The evaluation scripts can use any JavaScript function or language structures, along with certain utility functions provided by the API for user convenience. Chrome V8 JavaScript engine is used for running the evalscripts.
The evaluation scripts are passed as the script
argument
to the GetArchiveImage
function. It has to be either a
character string containing the evaluation script or the name of the
file containing the script. The scripts
folder of this
package contains a few examples of evaluation scripts.
It is beyond the scope of this document to provide guidance for writing scripts, we encourage users to consult the API Beginners Guide and Evalscript (custom script) documentation. You can find a big collection of custom scripts that you can readily use in this repository.
Retrieving images
Retrieving AOI satellite image as a raster object
One of the most important features of the API is its ability to extract only the part of the images covering the area of interest.

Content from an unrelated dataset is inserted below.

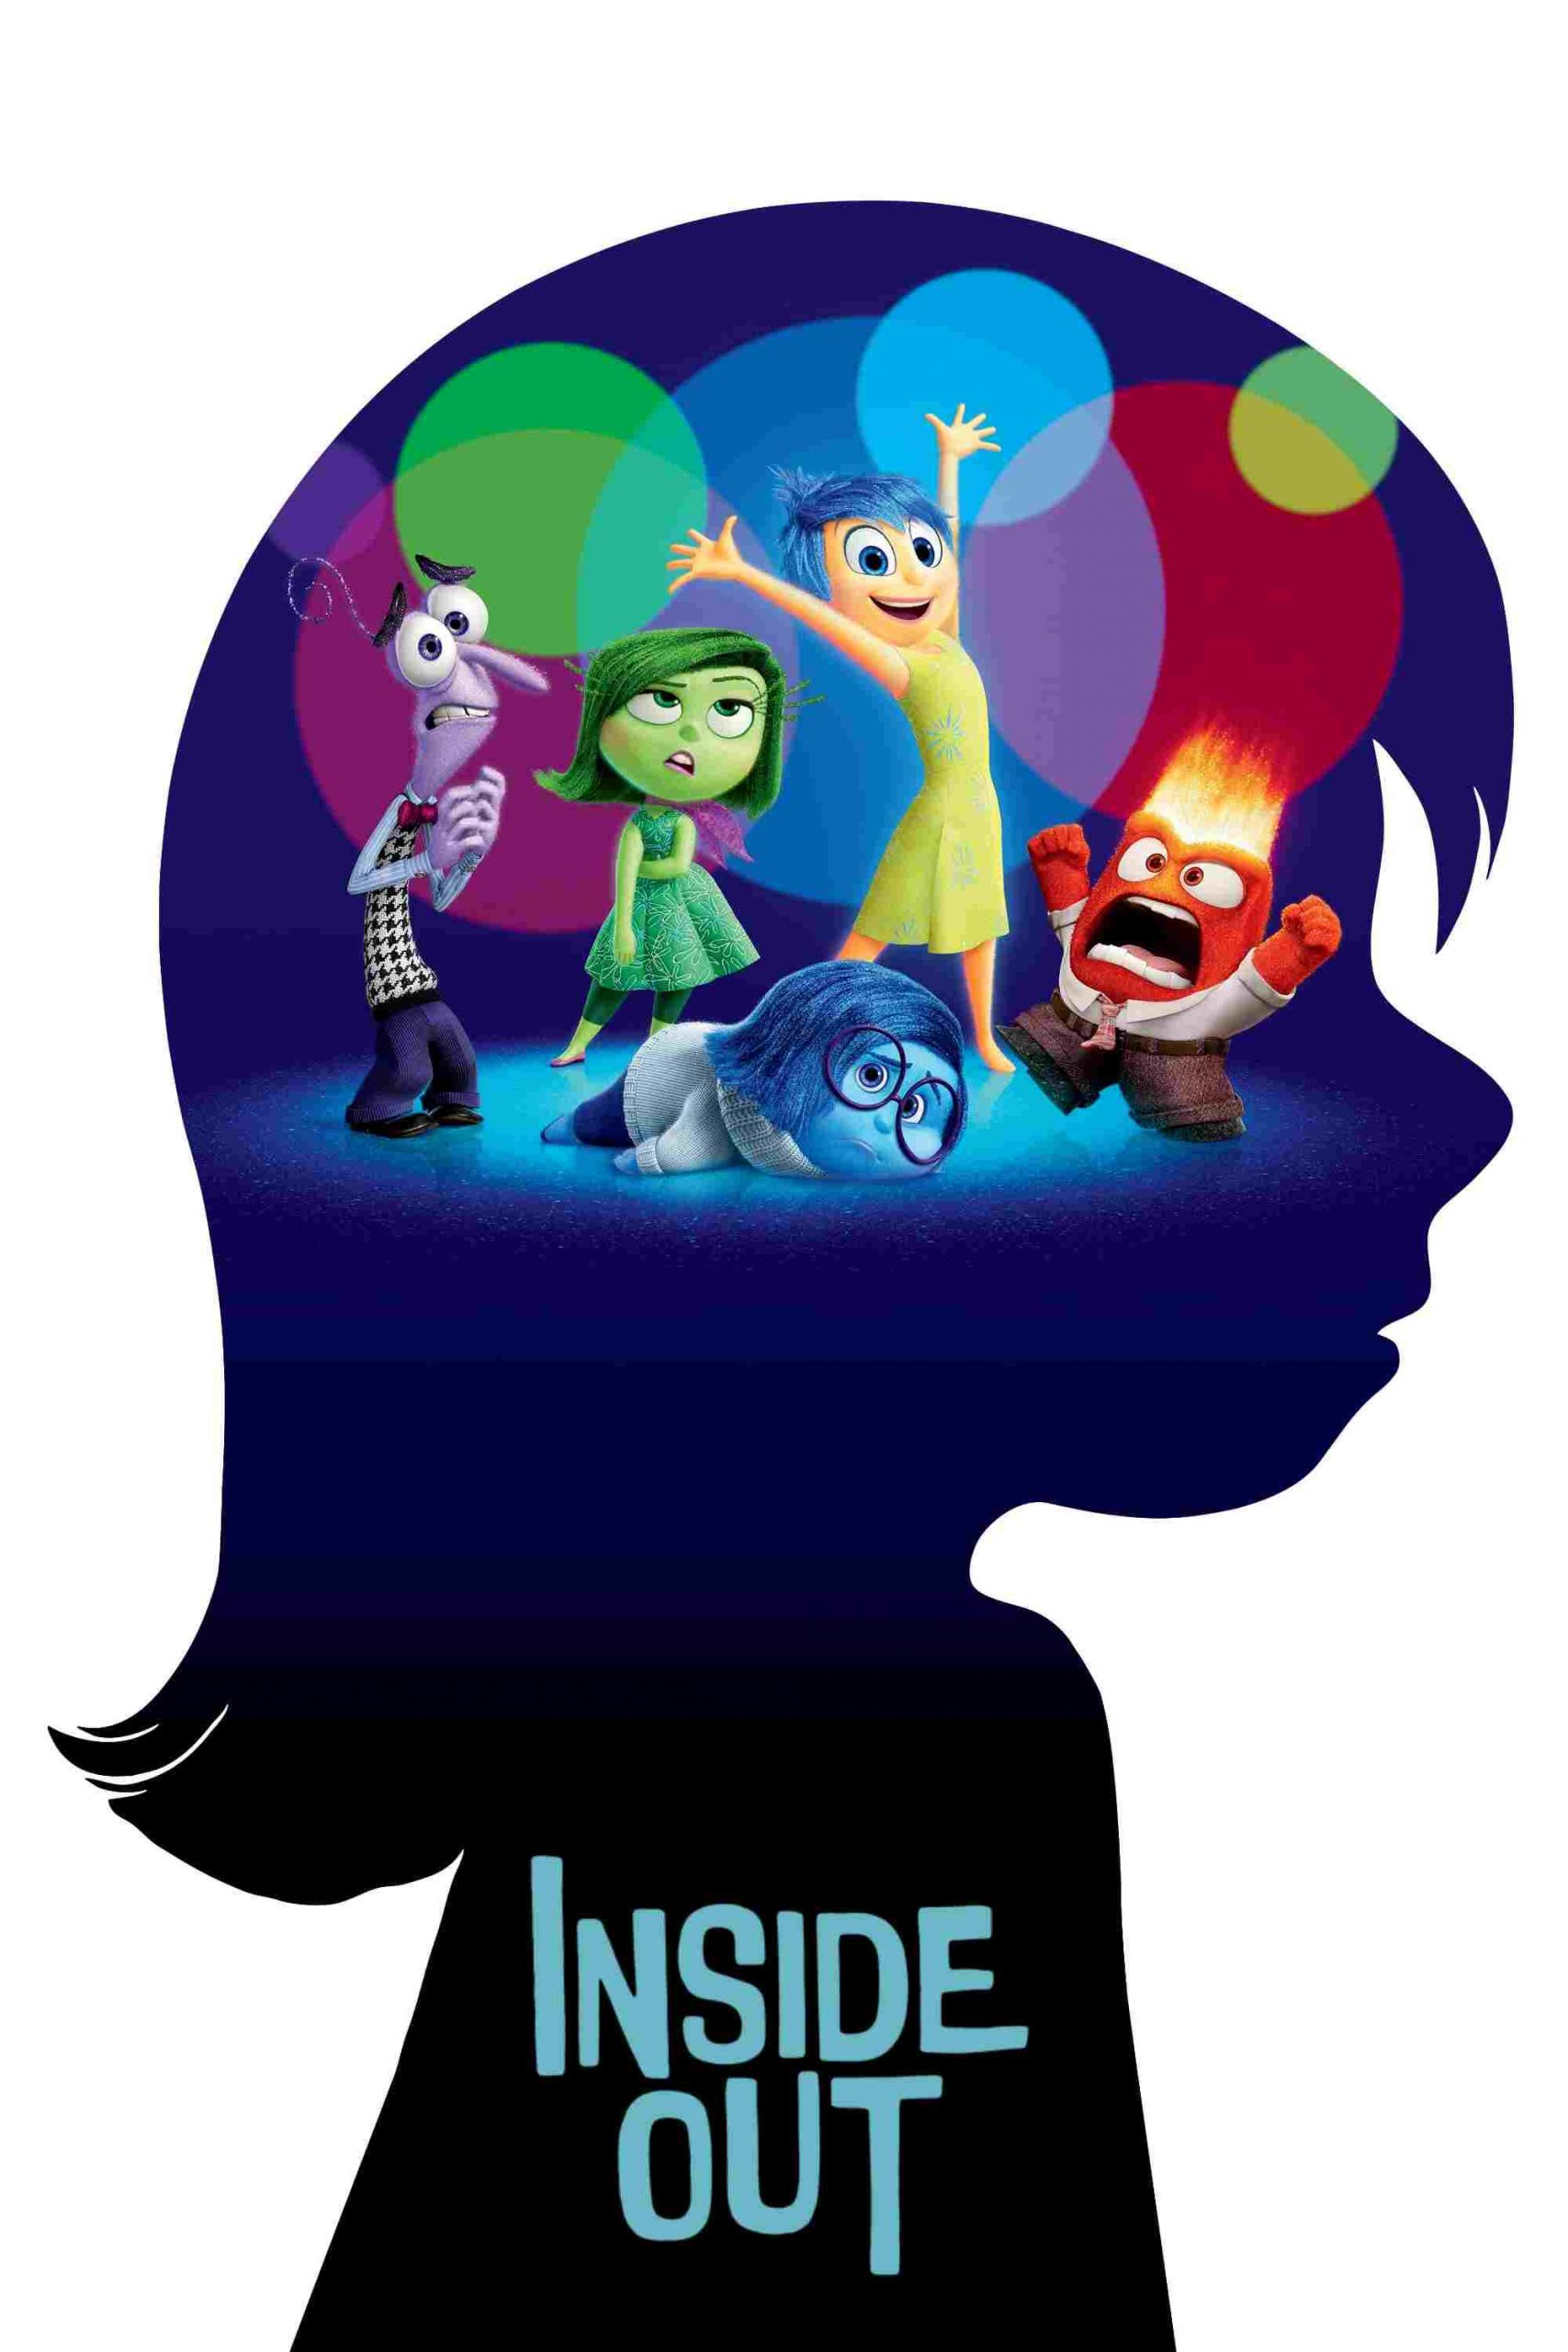 هیجان، محور بقای انسان: تحلیل روانشناسی انیمیشن Inside Out

If the AOI is small as in the example below, this is a significant gain in efficiency (download, local processing) compared to getting the whole tile image and processing it locally.
dsn <- system.file("extdata", "centralpark.geojson", package = "CDSE")
aoi <- sf::read_sf(dsn, as_tibble = FALSE)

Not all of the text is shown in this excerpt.